── Collected material ──
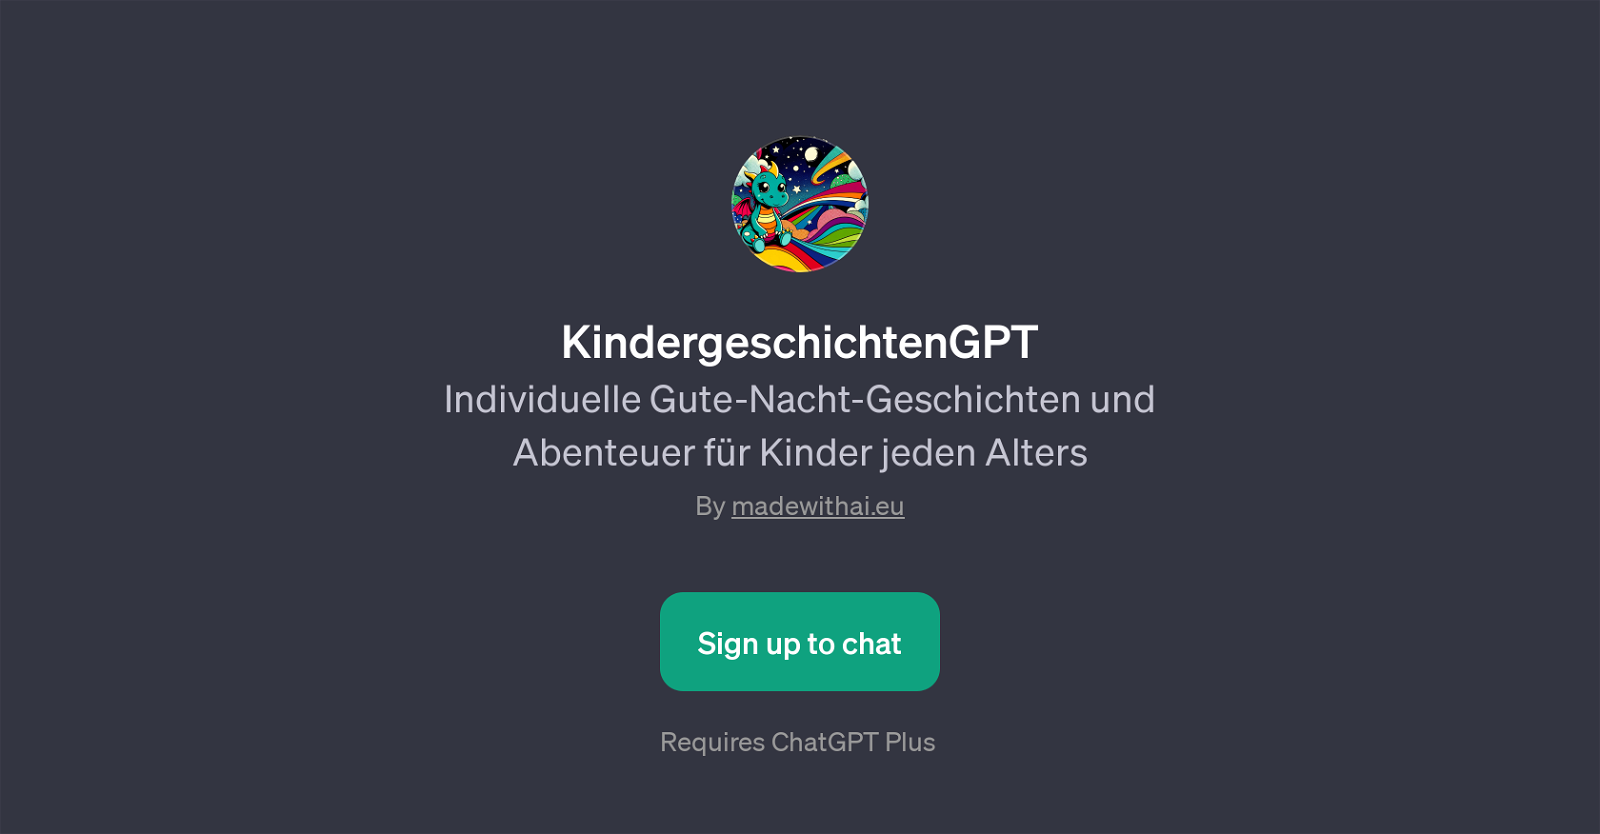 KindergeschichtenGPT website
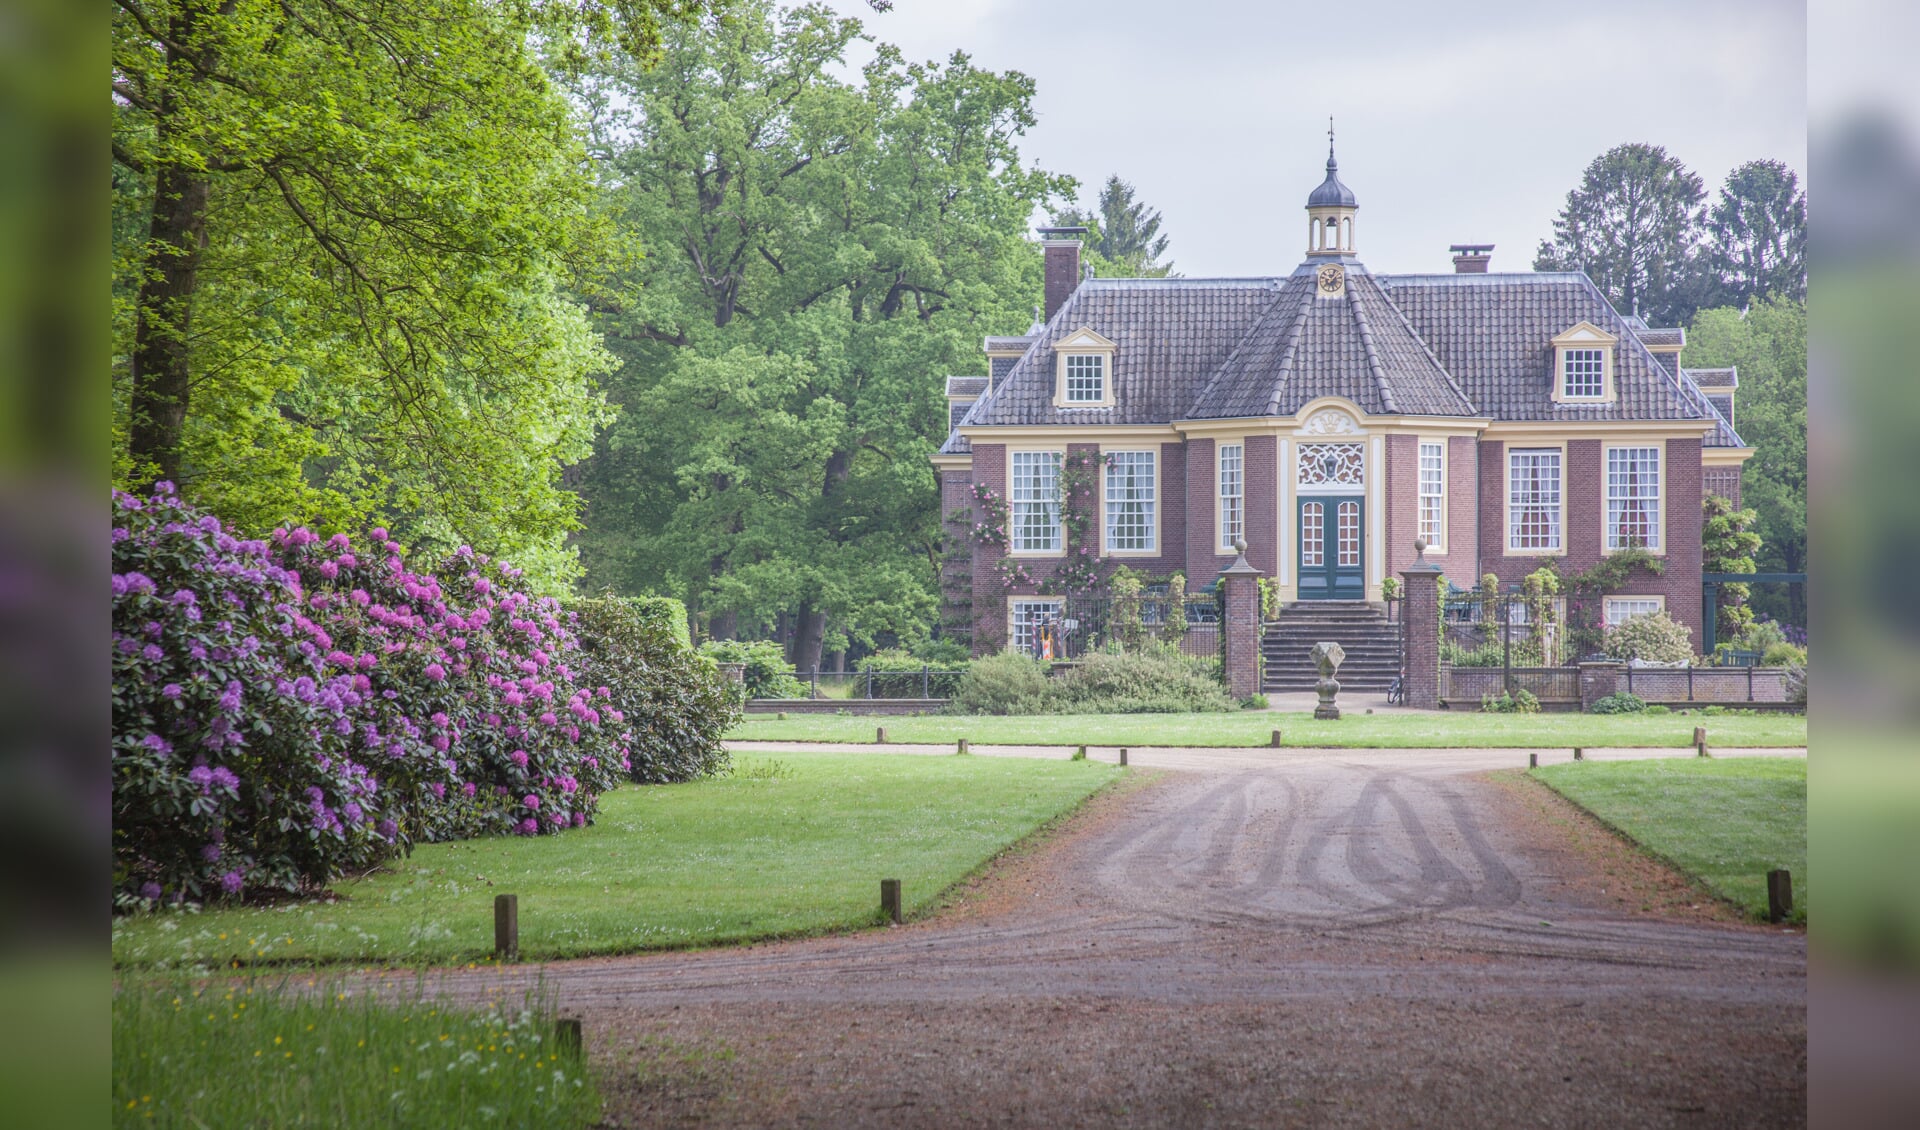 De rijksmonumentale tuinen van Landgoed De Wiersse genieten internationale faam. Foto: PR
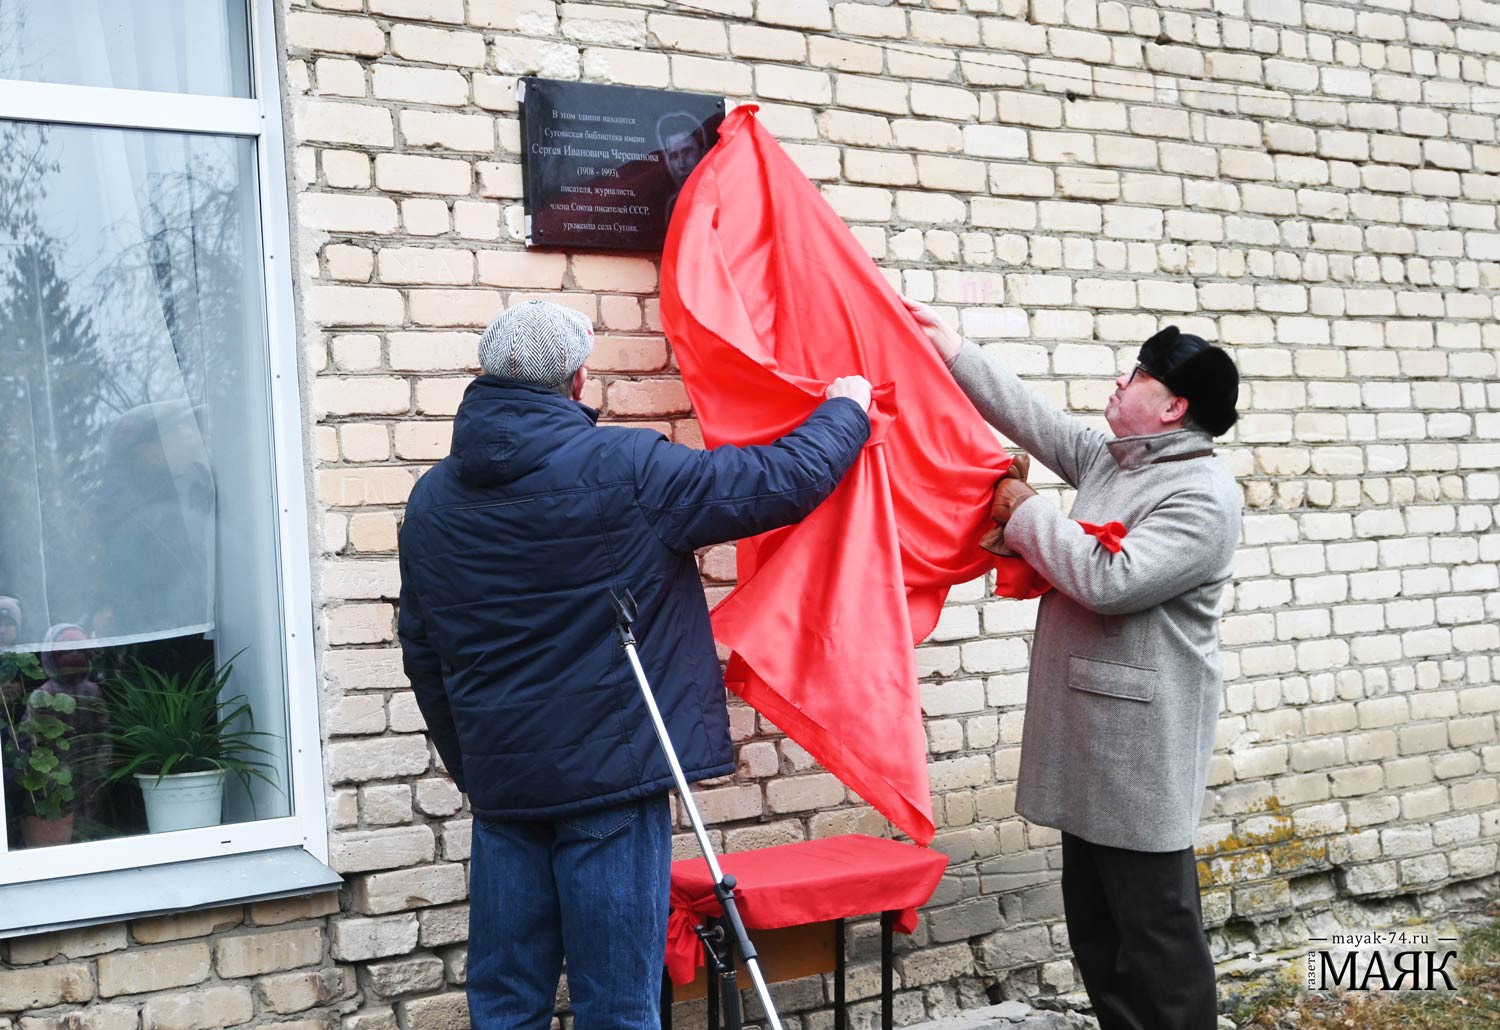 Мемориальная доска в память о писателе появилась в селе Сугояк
───
_Your objective_
What is needed is every line from the one with "De rijksmonumentale tuinen" to the final line of the listing above, set down exactly and with the pictures left out.

_Result for this exercise_
 De rijksmonumentale tuinen van Landgoed De Wiersse genieten internationale faam. Foto: PR
 Мемориальная доска в память о писателе появилась в селе Сугояк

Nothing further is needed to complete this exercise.